The χ2 goodness-of-fit test was used to verify the null hypothesis that experimental distribution of element concentration (here Zn concentration) is described by the lognormal distribution. The obtained test probability value p = 0.4874 (p > significance level α = 0.05) indicates that there is no evidence for rejecting the null hypothesis. Therefore, we conclude that the distribution of zinc content is described by the lognormal distribution. A feature of this distribution is that after the logarithmic transformation (ln x) of the experimental values, a normal distribution is obtained. Fig 2S in S1 File (Supporting information) shows the same distribution of zinc content in serum samples of patients from the studied group (measurement I) obtained after logarithmic transformation. The red solid line represents normal distribution.
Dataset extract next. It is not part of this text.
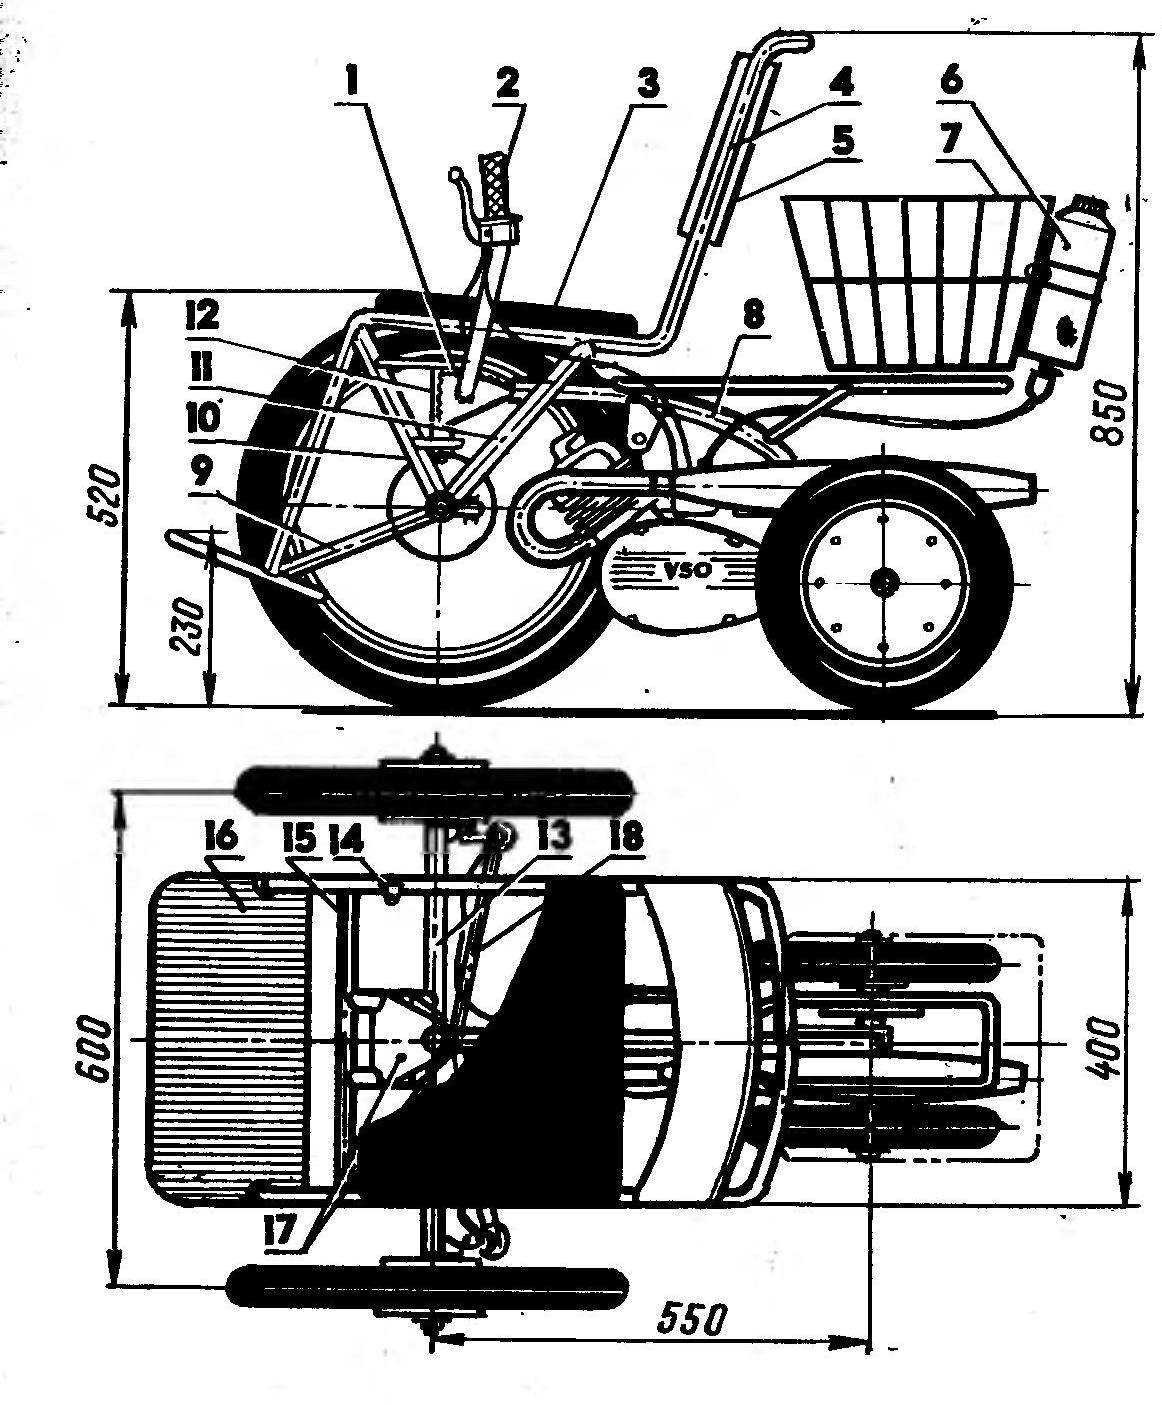 SELF-MOVING STROLLER

As in the previous case, the χ2 goodness-of-fit test was used to verify the null hypothesis that the logarithm of the experimental element concentration distribution is described by the normal distribution. The obtained test probability value p = 0.8044 (p > α = 0.05) indicates that there is no evidence for rejecting the null hypothesis. Therefore, it can be concluded that the Zn content (after logarithmic transformation) is described by the normal distribution.
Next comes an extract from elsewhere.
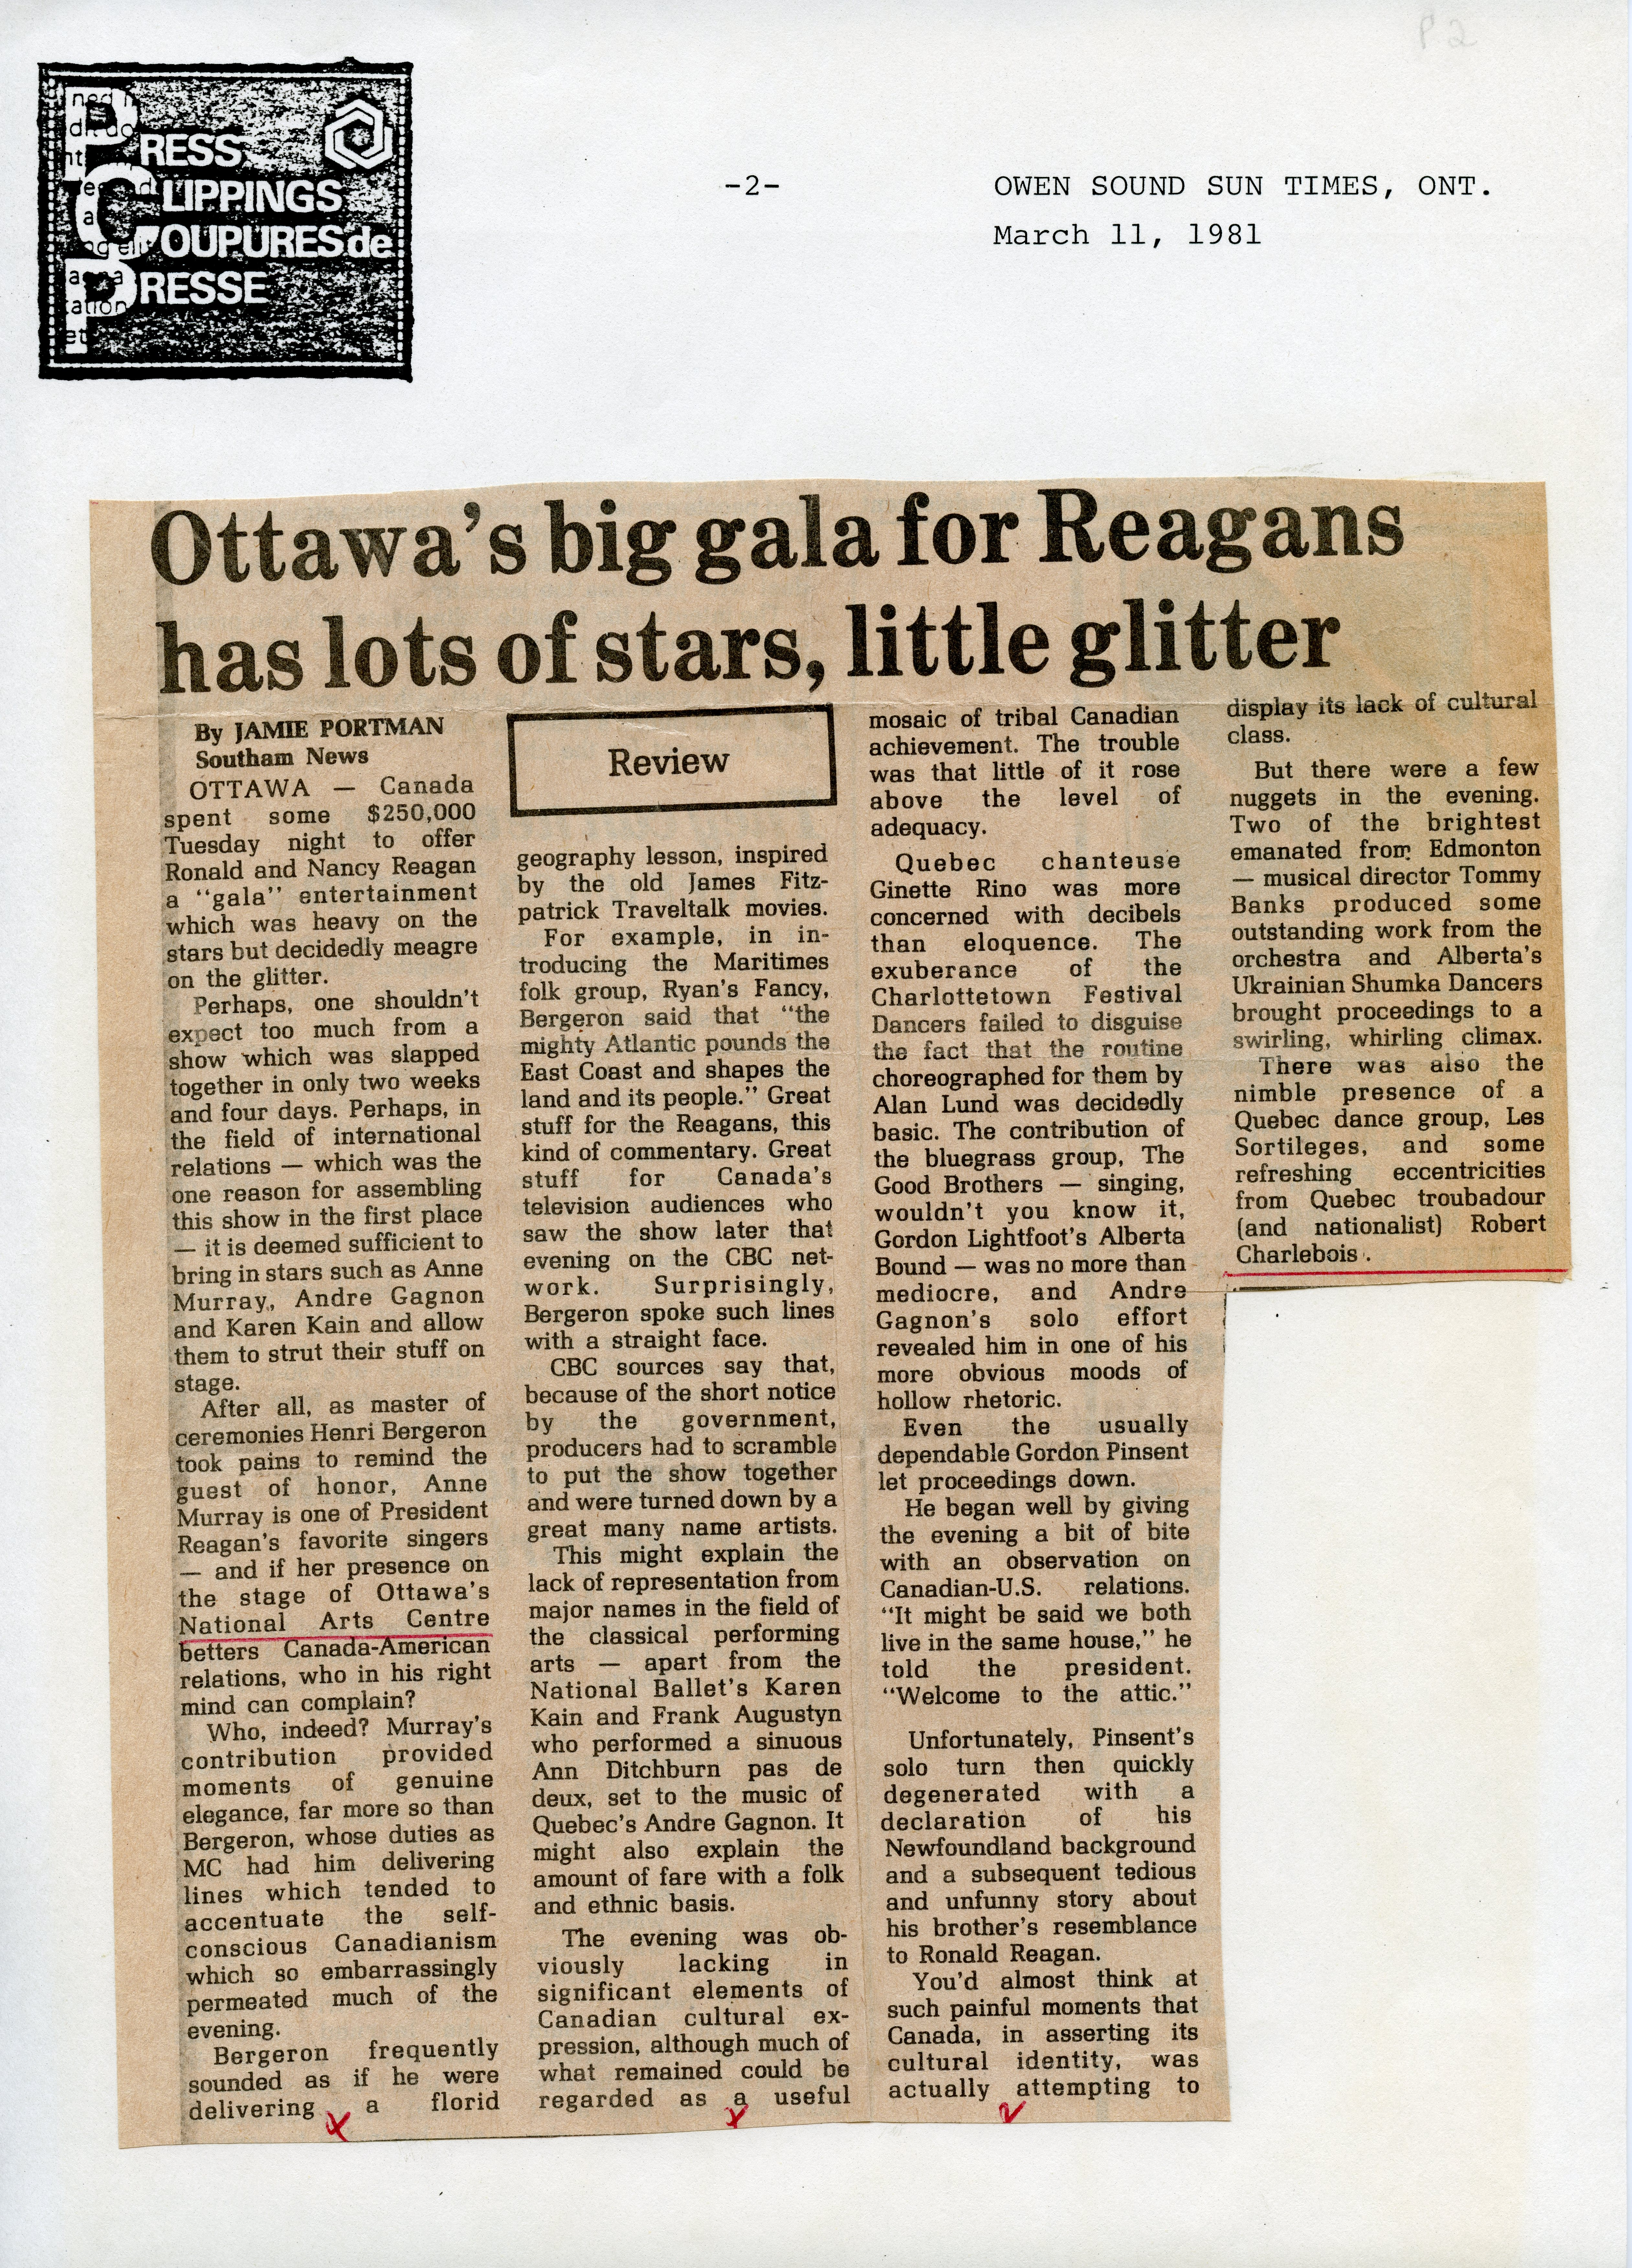 Ottawa's Big Gala for Reagan has Lots of Stars, Little

The χ2 goodness-of-fit test was performed for all element content distributions analyzed in the studied group (measurement I and measurement II) and in the control group. Table 1S in S1 File(Supporting information) presents the test probability p values with respect to the comparison of element content distributions with the lognormal distribution. The obtained p values confirm that there is no evidence for rejecting the null hypothesis. Therefore, element content distributions are described by lognormal distributions. In further statistical analyses, for the procedures that assume normal distribution, calculations were performed for the experimental values after the logarithmic transformation.
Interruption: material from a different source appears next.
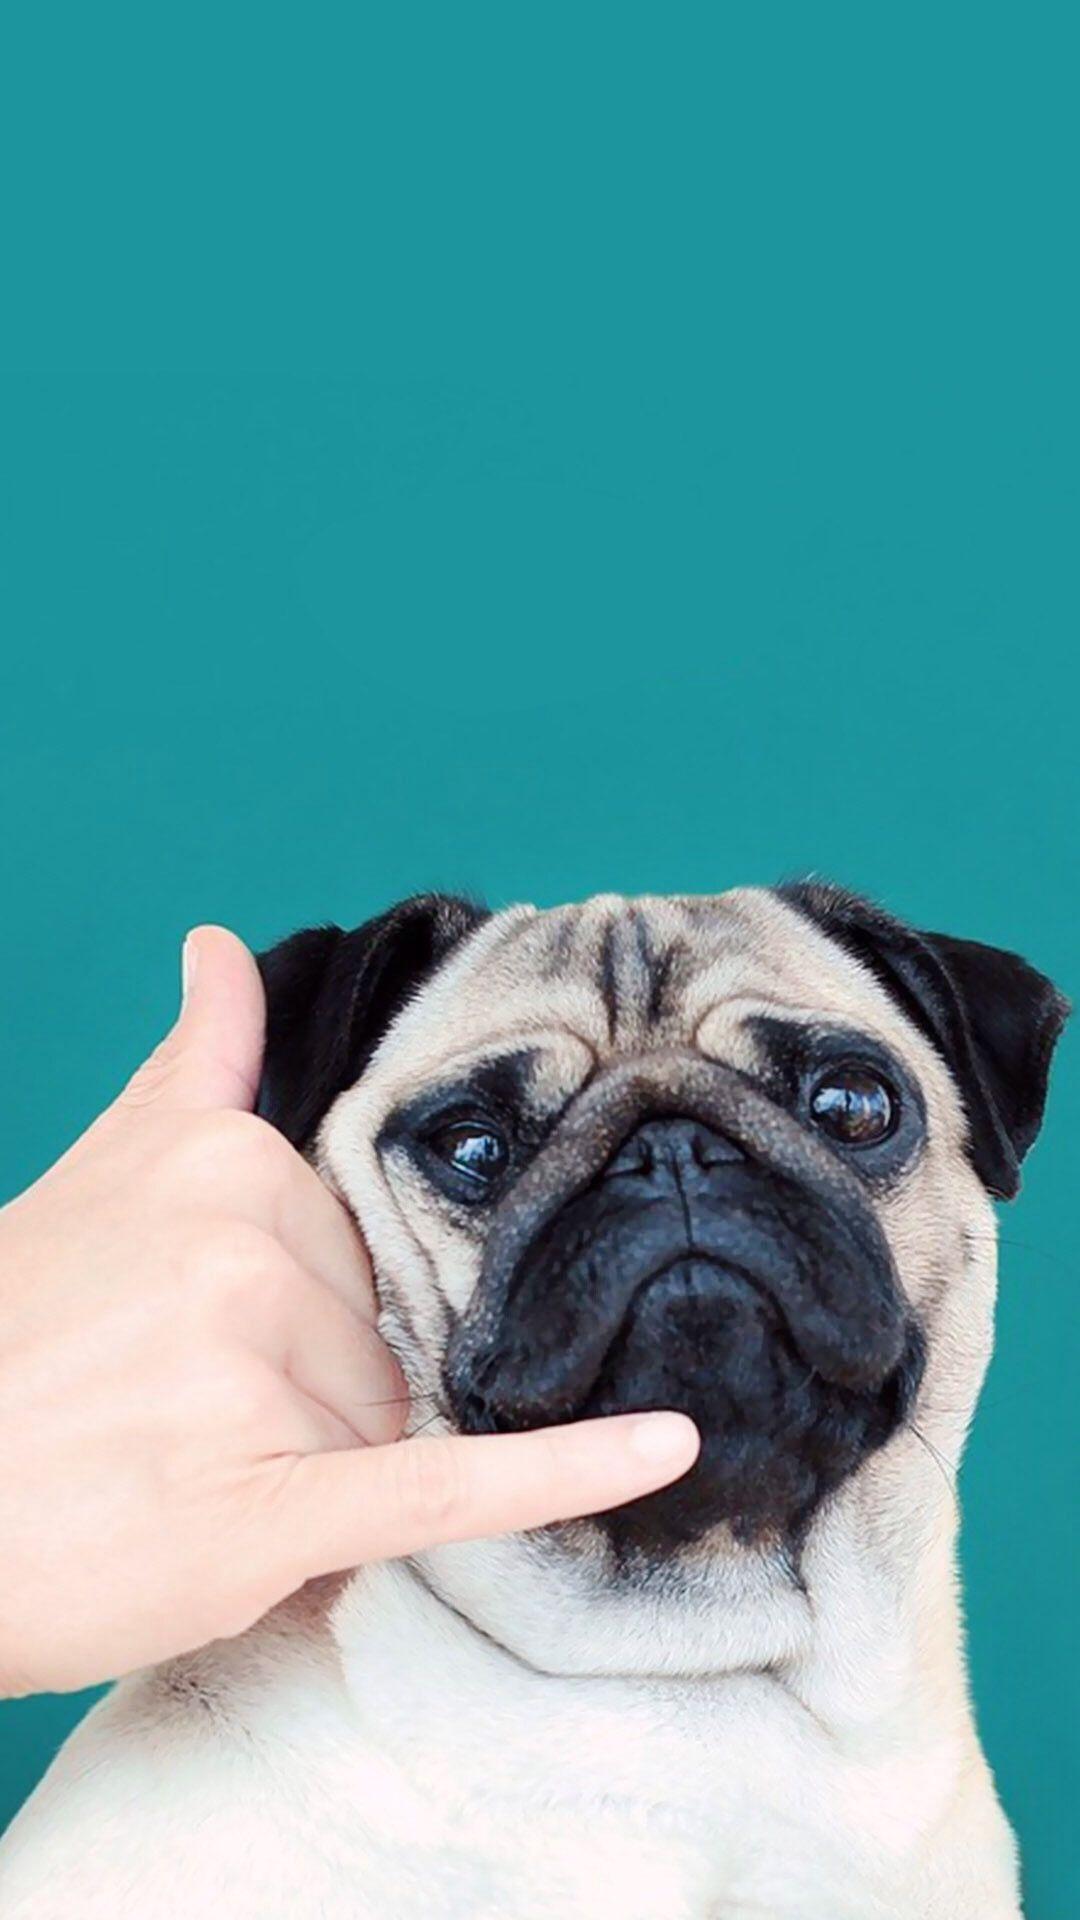 Pin by lavanya kathuria on wallpapers pinterest wallpaper dog

Comparison of element concentration between women and men
Descriptive statistics and verifying the distribution type for the content of elements in the studied and control groups, presented in the previous section, were performed without taking into account patients’ gender. Before verifying the hypotheses on comparing the content of elements between the studied and control groups, it had been analyzed whether the distributions of element contents depended on the gender of the patients within the groups.
Table 2S in S1 File presents a comparison of the mean value of element concentrations for women and men in the control group using a Student’s t-test (t-test) for independent groups. In order to fulfill the assumption about the normality of random variable distribution (here element concentration) of the t-test, the calculations were performed on the logarithmically transformed data. The Table 2S in S1 File provides the mean value of the element content in control group of women and men, the p value for mean value (comparison of means), the number of valid cases in women group and in men group and the standard deviations for both groups. The last column contains the data with respect to the verification of variance equality in both groups. The p value for the variance is the test probability for variance comparing (assumption of the t-test for independent groups).
Based on the results obtained, it can be stated that the variances of element concentrations in the compared groups are the same (for all elements p for variance is higher than > 0.05). In the case of mean values, difference between women and men groups was observed only for sulfur concentration mean value (p value = 0.0449 is slightly smaller than 0.05).
Table 3S in S1 File shows a comparison of the mean value of element concentrations for women and men in the studied group (measurement I) using the t-test for independent groups. The results showed that only for sulfur the variances in the women and men were different (p = 0.0005). This means that in this case a nonparametric test should be used. For the rest of elements, no differences in the mean content of elements were observed between the compared groups.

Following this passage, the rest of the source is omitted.